Conversely, identity fraud occurs when that stolen PII is utilized to commit fraud or engage in other illegal activities. This often includes opening new credit accounts, applying for loans, or making unauthorized purchases. Essentially, identity fraud is the crime of using another person's personal information for personal or financial gain.
Identity theft is the acquisition of personal information, whereas identity fraud is using that information for criminal activities.
Identity fraud victims are always victims of identity theft; however, just because your personally identifiable information has been stolen does not necessarily mean it will be utilized for fraud.
Many state criminal statutes also get this wrong. Let’s look at the Pennsylvania Identity Theft statute for reference:
Title 18- Section 4120. Identity theft.
(a) Offense defined.--A person commits the offense of identity theft of another person if he possesses or uses, through any means, identifying information of another person without the consent of that other person to further any unlawful purpose.
The critical necessity there is “to further any unlawful purpose.”

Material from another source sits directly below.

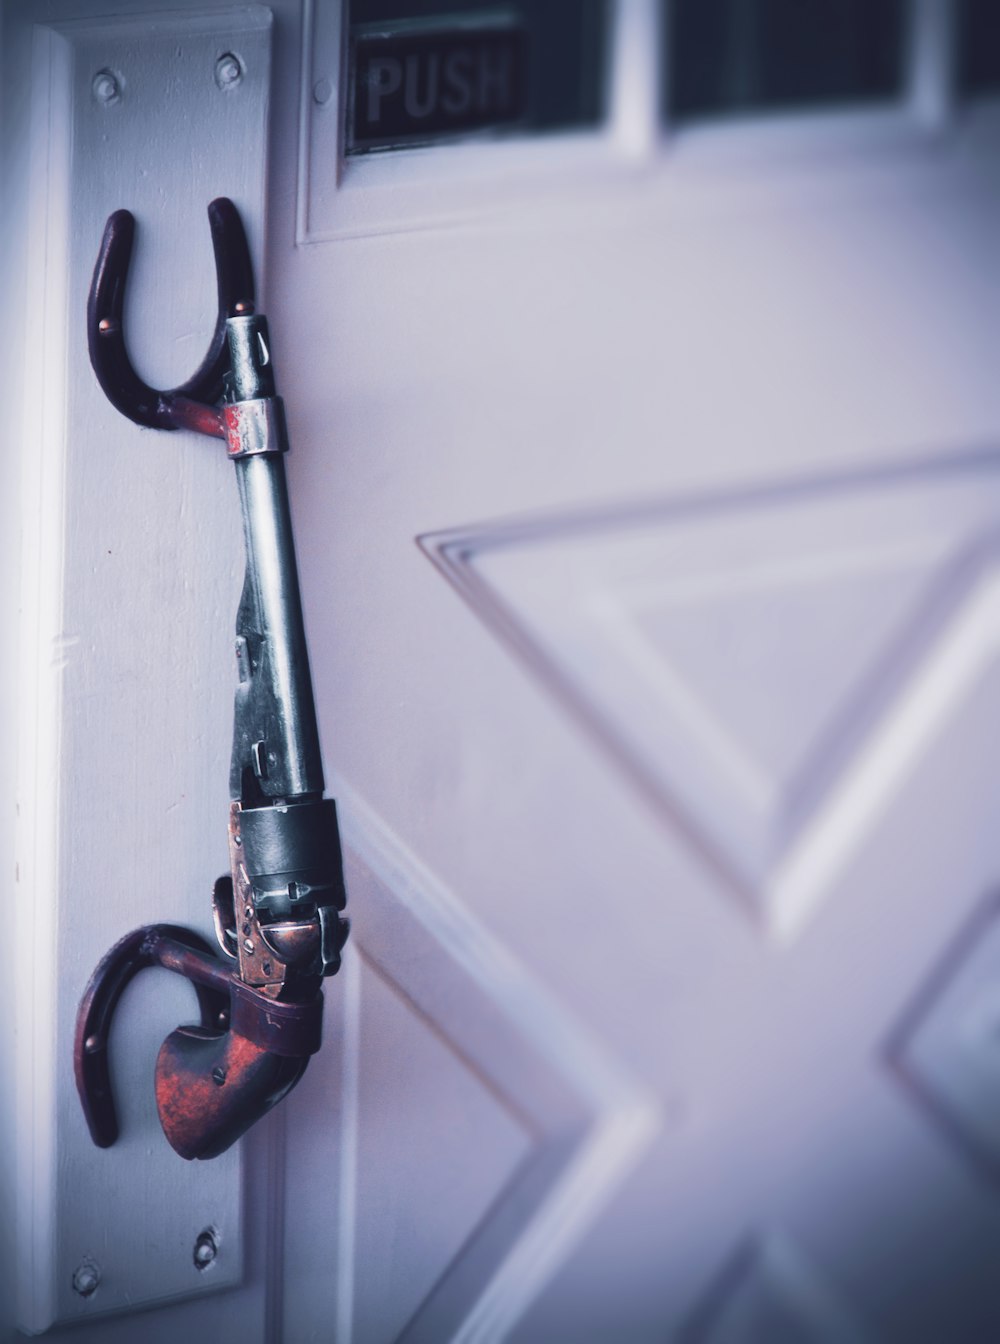 a pair of scissors hanging on a door handle

Is possessing someone else's PII without consent a crime, regardless of how it is obtained? If I send you an intentionally deceptive phishing email and you give me your name, date of birth, and social security number, which I then save to my computer, am I guilty of identity theft? What about if I break into a database and steal the company's Human Resources records?
I’m probably guilty of 18-7611 Unauthorized Use of a Computer, 18-7613 Computer Theft, and 18-7615 Computer Tresspass, but not Identity Theft under Section 4120. At least not until I utilize the stolen PII to “further an unlawful purpose.”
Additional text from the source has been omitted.